NCBI fasta format [was: Re: [Bioperl-l] loading data into bioperl-db]

Sat Jun 7 11:54:37 EDT 2003

ok I will volunteer,

having 'specialised fasta objects' are very useful. Another 'type' of fasta 
that I have needed before is one for handling fasta files with TIGR's 
assembler. I will have a look at the code of fasta module this evening and 
see what I can do since I have written fasta modules like this in python.

However I think there is another sensible approach. The formatting of the 
definition line is exactly that, formatting. I don't think that you need a 
new fasta object just for defining the line format; this convolutes the 
class hierarchy. Instead one could create a fasta object with

Bio::SeqIO::fasta('ncbi'), and the internals of the class will take care of 
setting and retrieving the data in a sensible way.

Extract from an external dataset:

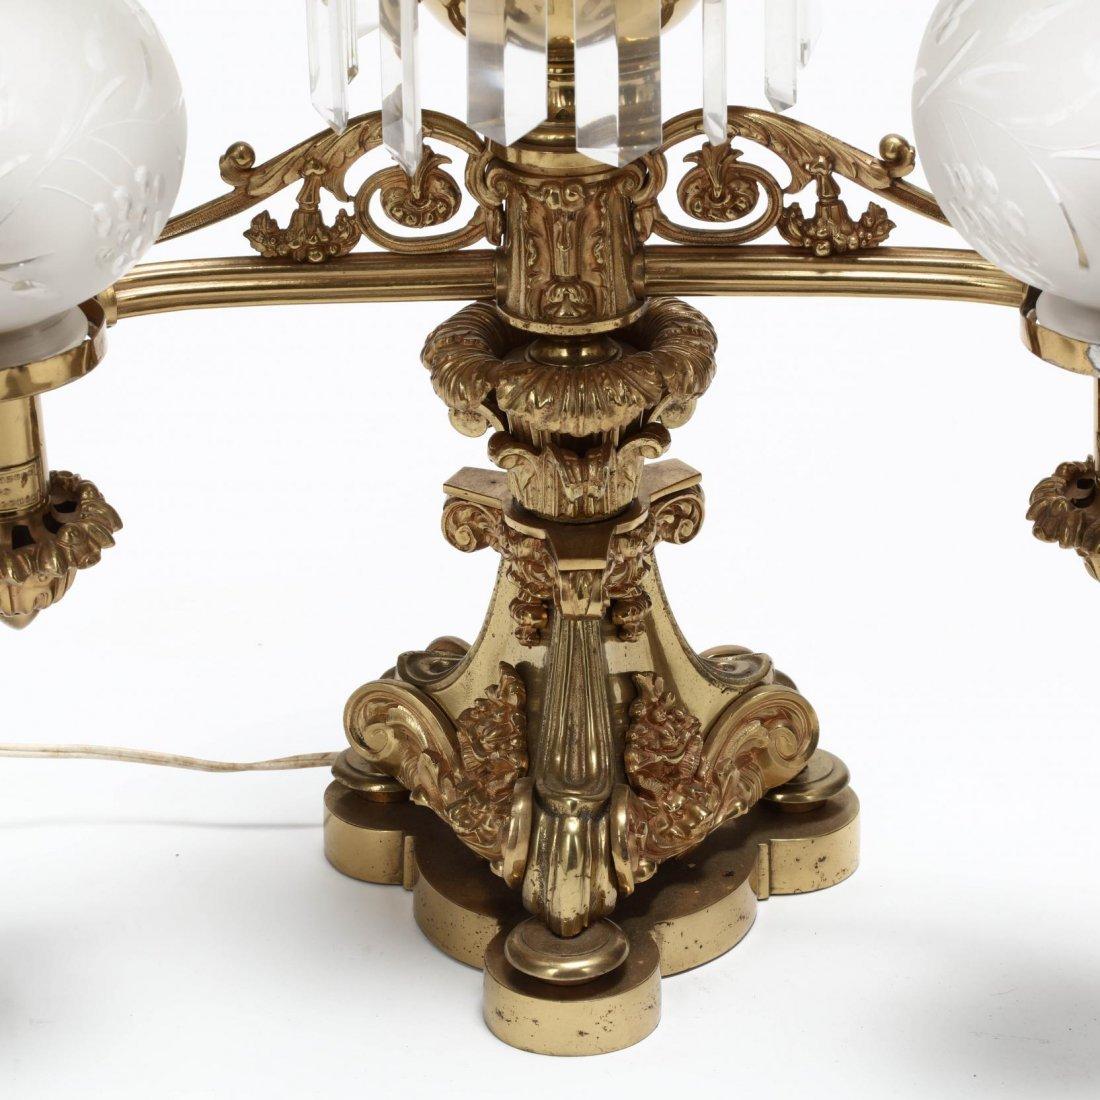 Lewis Veron & Co., Pair of Argand Lamps - 2

Of course perhaps we might not want to meddle with the basic fasta class, 
and we create another object Bio::SeqIO::formated_fasta('ncbi'), where we 
could add more specific types of fasta formats.

What would people prefer?

Peter W.

p.s. sorry for mentioning the p word ;-)

At 04:07 PM 06/06/2003 -0400, Aaron J Mackey wrote:

>On Thu, 5 Jun 2003, Hilmar Lapp wrote:
>
> > >  Is there ever a case where
> > > Bio::SeqIO::fasta will parse a sequence header like :
> > >
> > >> gi|30419336|gb|CD037498.1|CD037498 mgsu014xP21f.b Magnaporthe grisea
> > >
> > > and read the namespace, accession, version etc from it?
> >
> > No. Bioperl itself does not interpret the identifier token, especially
> > given the fact that there are plenty of ways in which people convolute
> > information here, and that it is relatively simple to apply whatever
> > extraction is suitable in 1 or 2 lines of perl.
>
>It seems like we hear this request alot; I think it's an (almost) valid
>newbie expectation that somehow the "gi|123456|db|acc.v|name descr" fasta
>header is some kind of universal standard.  I agree that it's an easy
>couple of lines of Perl to get right, but maybe we should be trying to do
>this for people?  It seems like such an easy thing (I'll wait to be told
>otherwise ...).  I agree that there are lots of bastardizations out there
>in the wild, but for each of the databases that NCBI "outputs" (gb, emb,
>dbj, ref, pir, sp, pdb, etc), there's pretty consistent behaviour for the
>fields.
>
>It should make loading up biosql databases from flatfiles a bit easier,
>too.
>
>Any lurkers want to write Bio::SeqIO::fasta_ncbi.pm (inheriting from
>Bio::SeqIO::fasta) ??  I guess we'd have to agree on where the "db" and
>any secondary accession/names would be stored in which Seq model ...
>
>-Aaron
>
>
>_______________________________________________
>Bioperl-l mailing list
>Bioperl-l at portal.open-bio.org
>http://portal.open-bio.org/mailman/listinfo/bioperl-l

-------------------------------------
Peter Wilkinson
Bioinformatics Consultant

-------------------------------------